> [Exercise data]
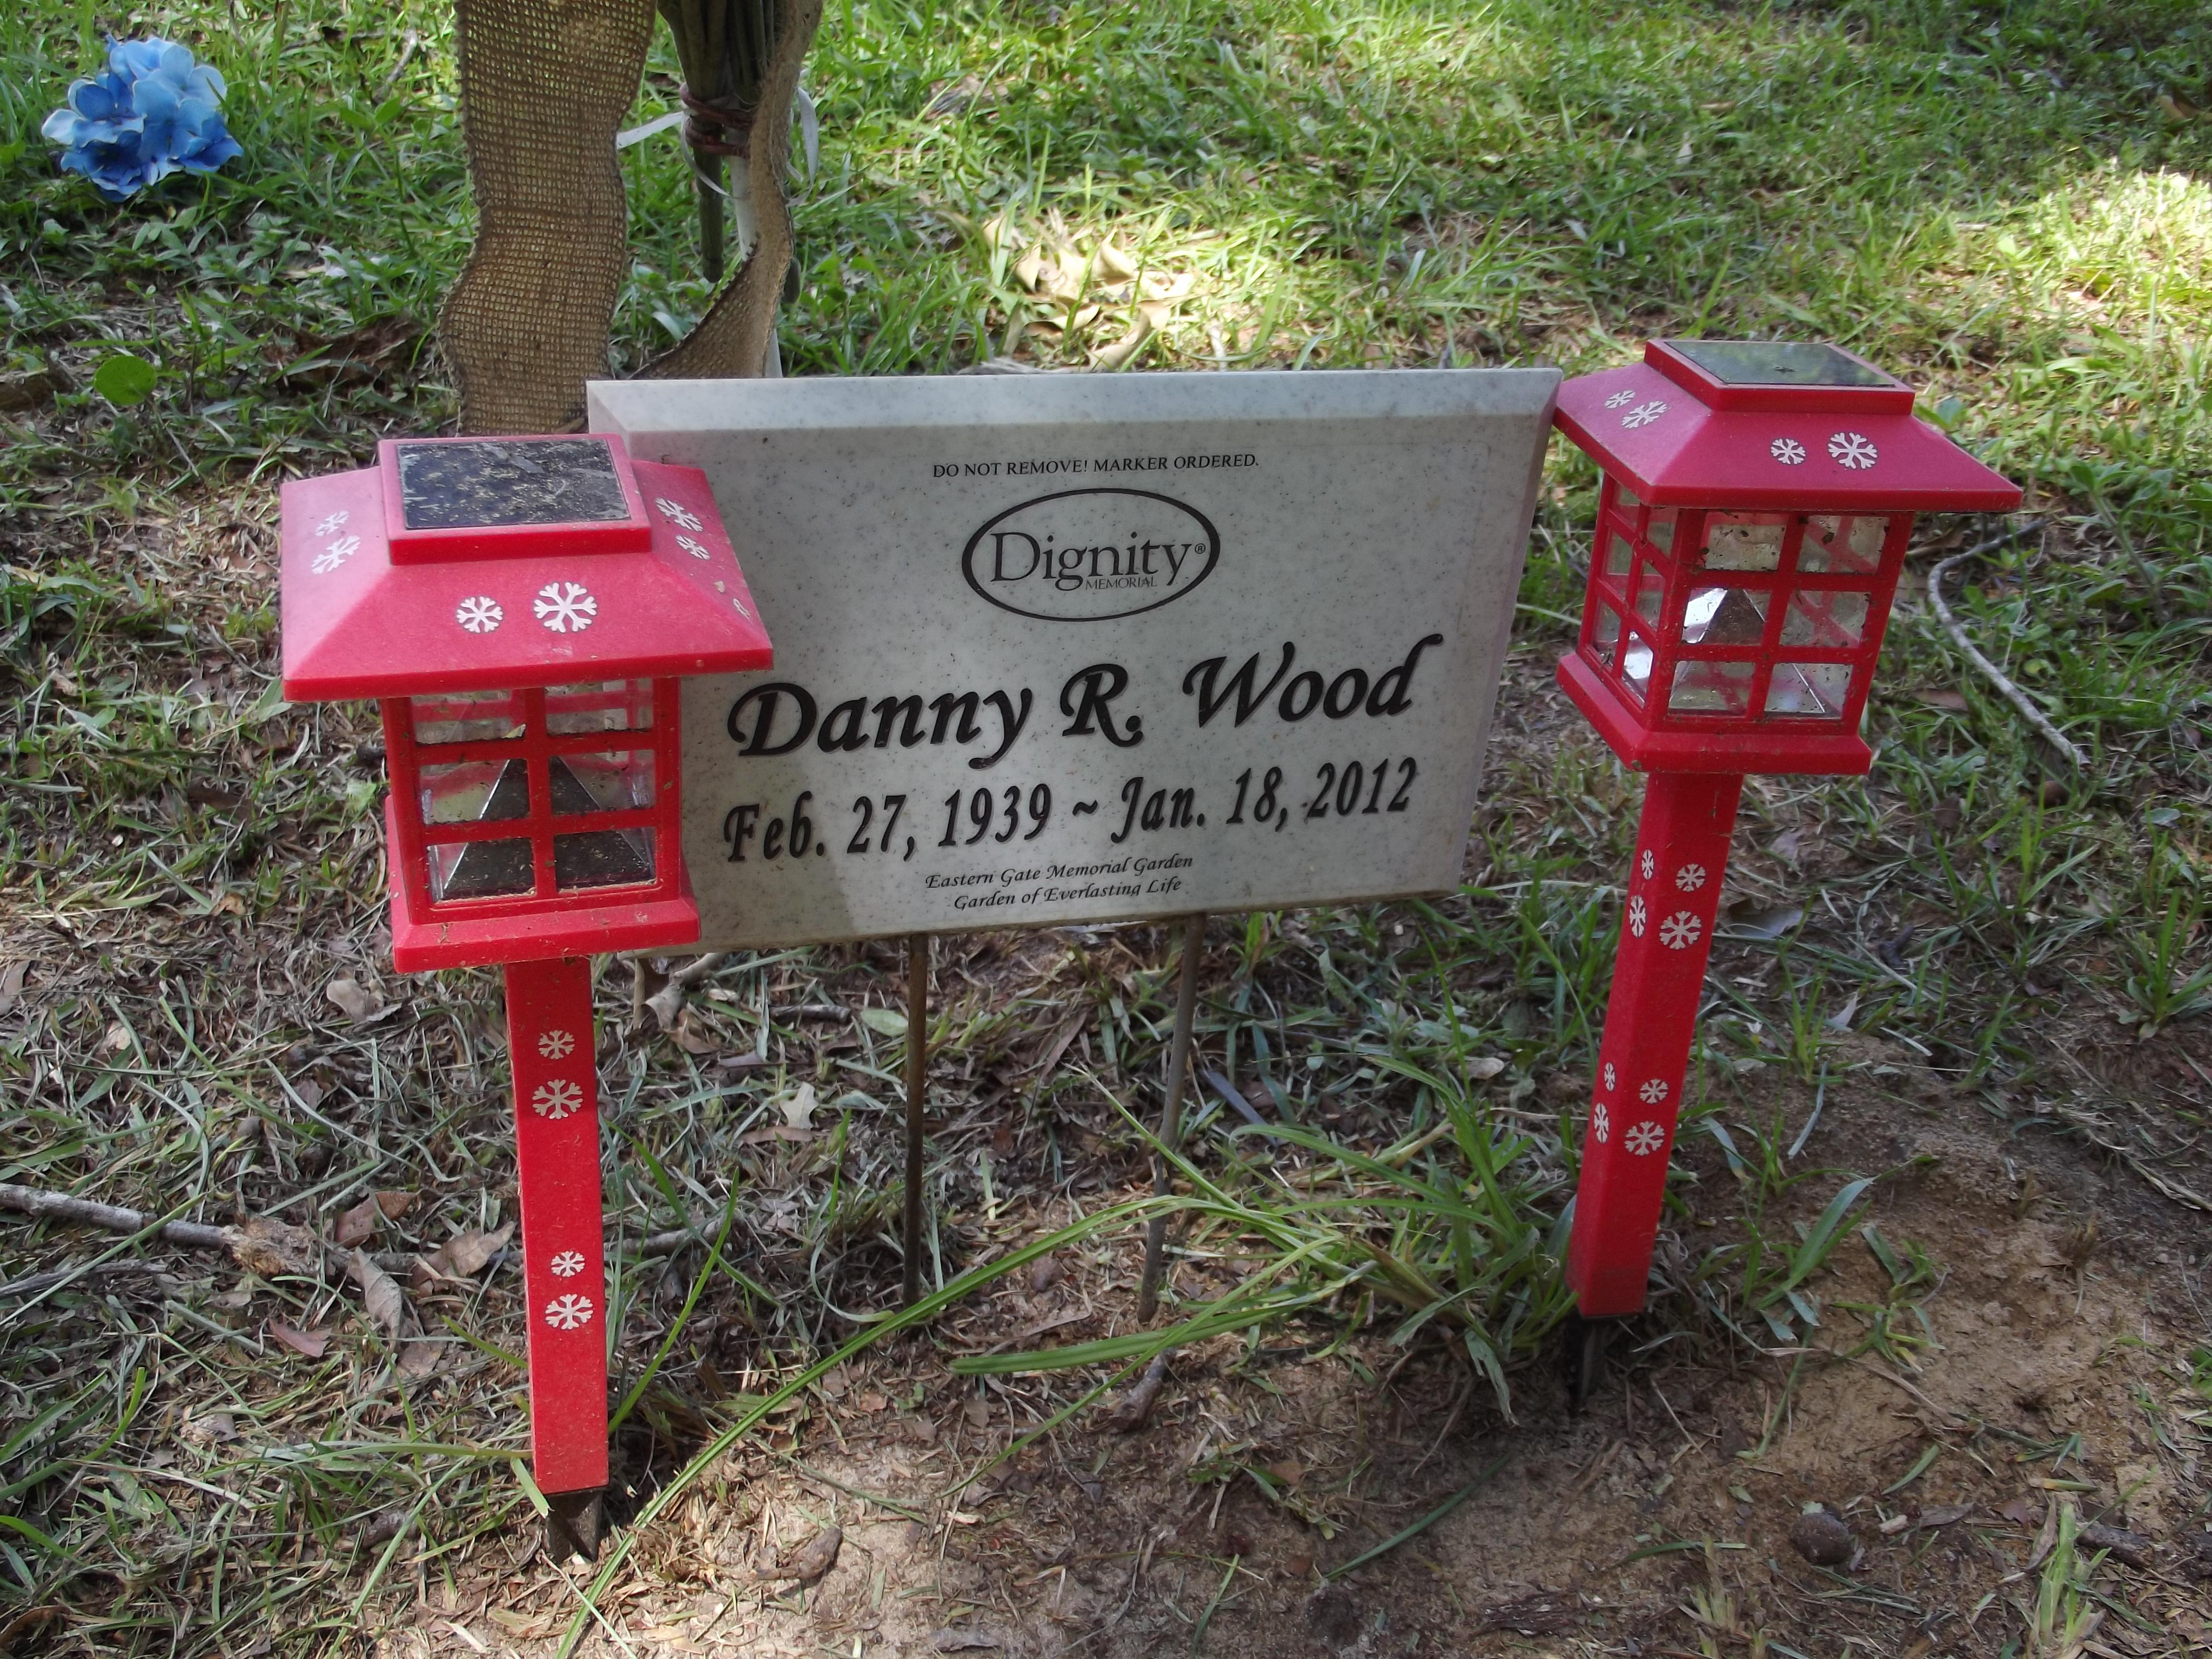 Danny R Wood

---

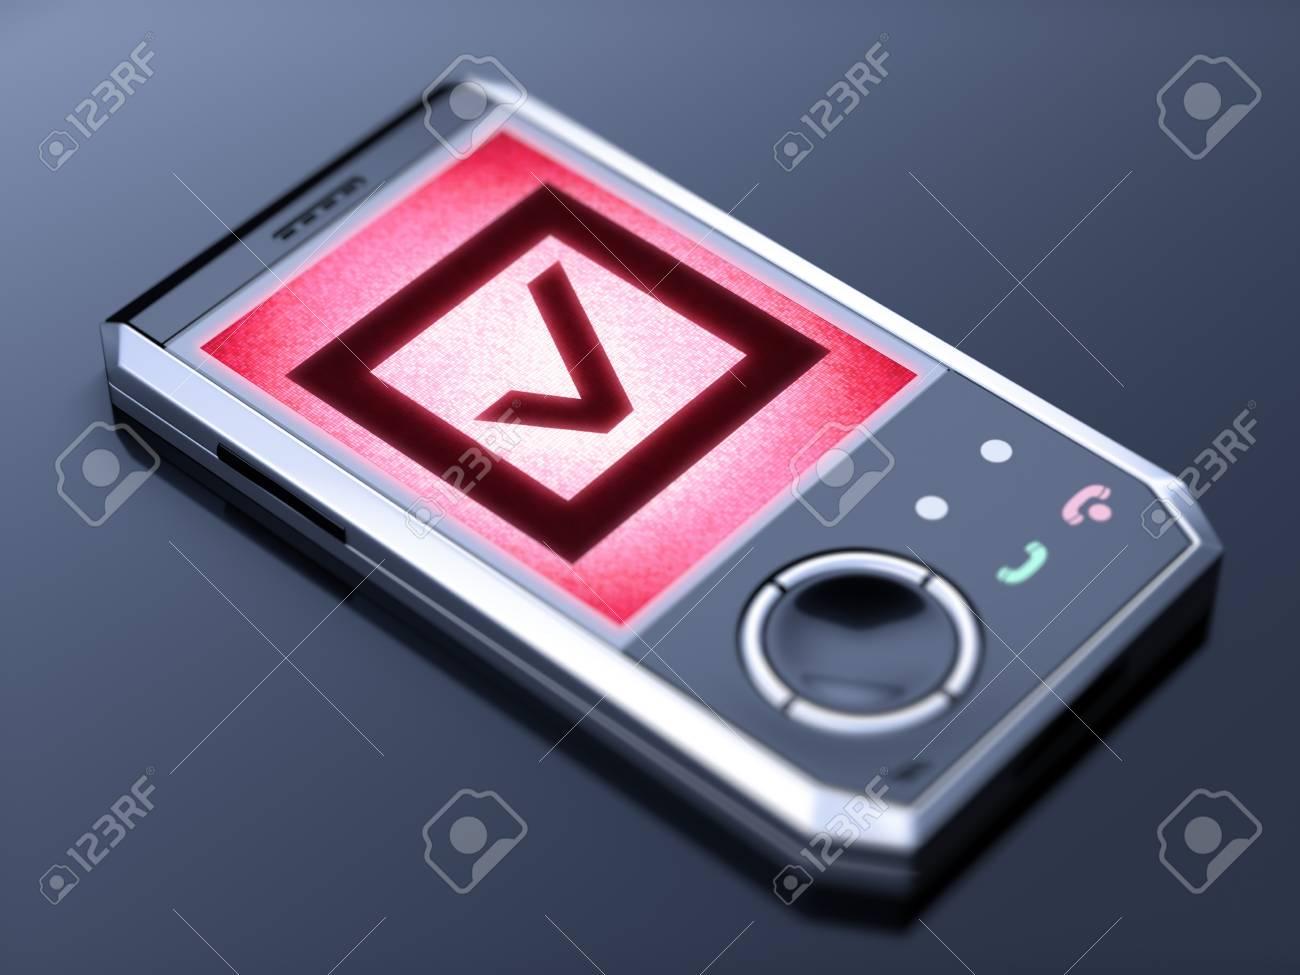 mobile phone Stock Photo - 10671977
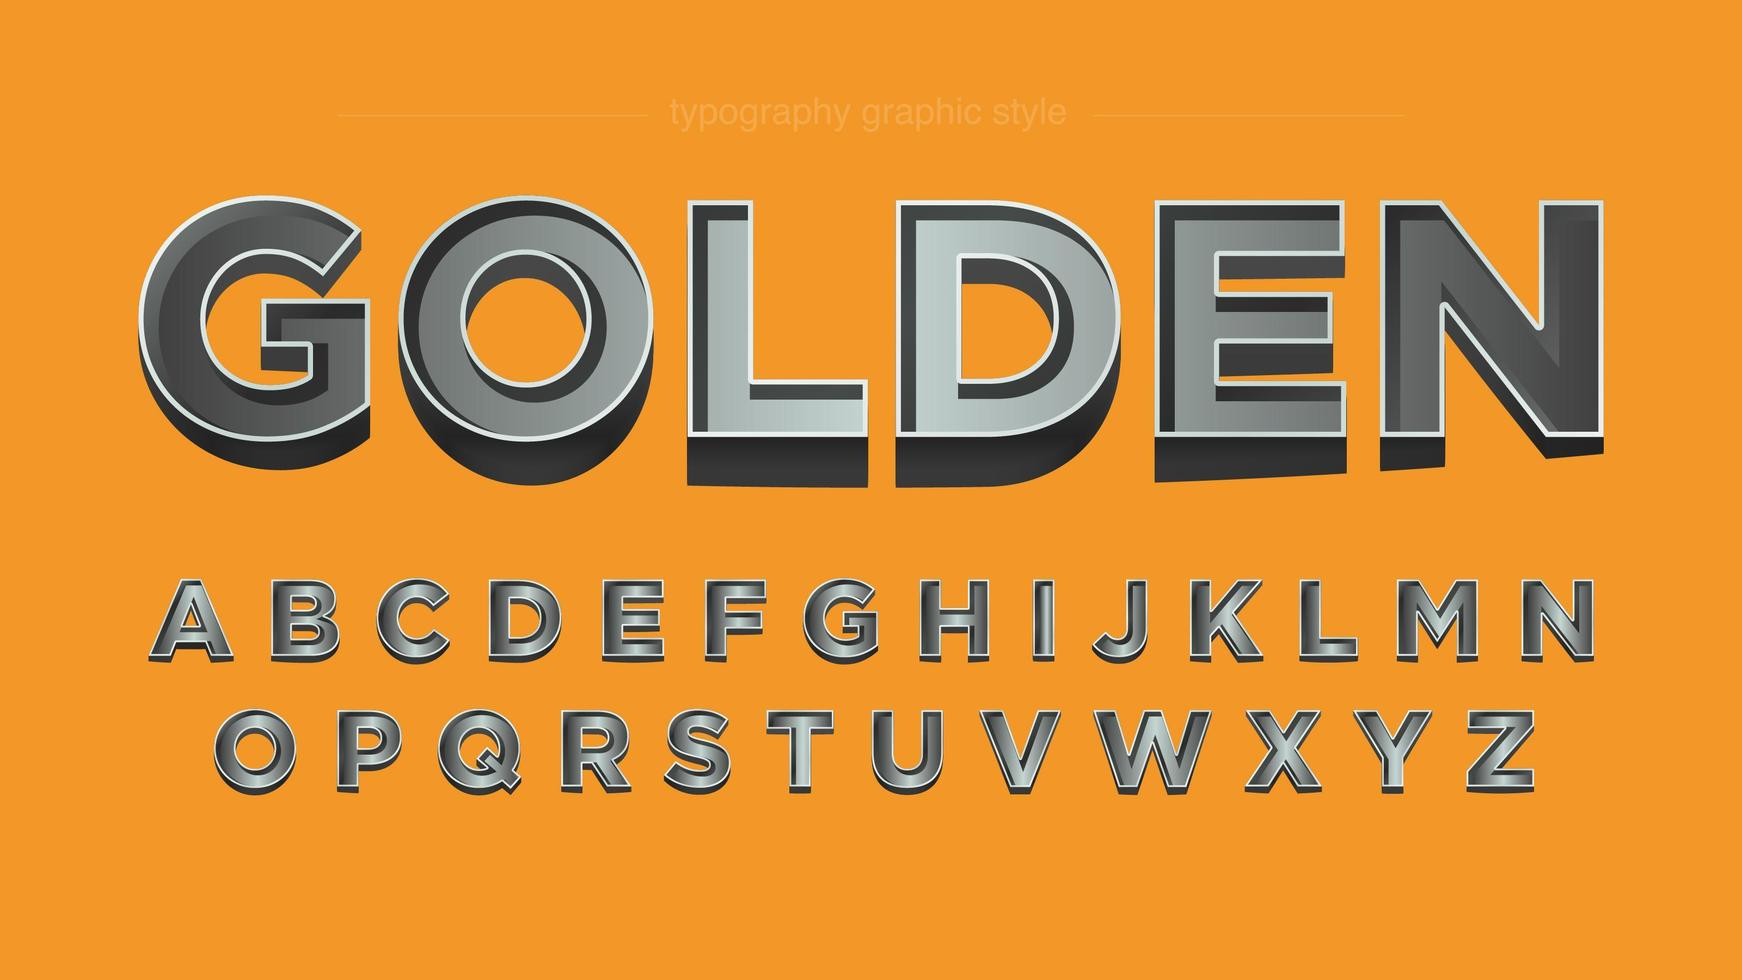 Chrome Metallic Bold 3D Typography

> [What the task requires] Look above for the line holding "mobile phone Stock Photo - 10671977" and output everything from it down to the line holding "Chrome Metallic Bold 3D Typography", both ends included, exactly and without images.

> [Response area]
 mobile phone Stock Photo - 10671977
 Chrome Metallic Bold 3D Typography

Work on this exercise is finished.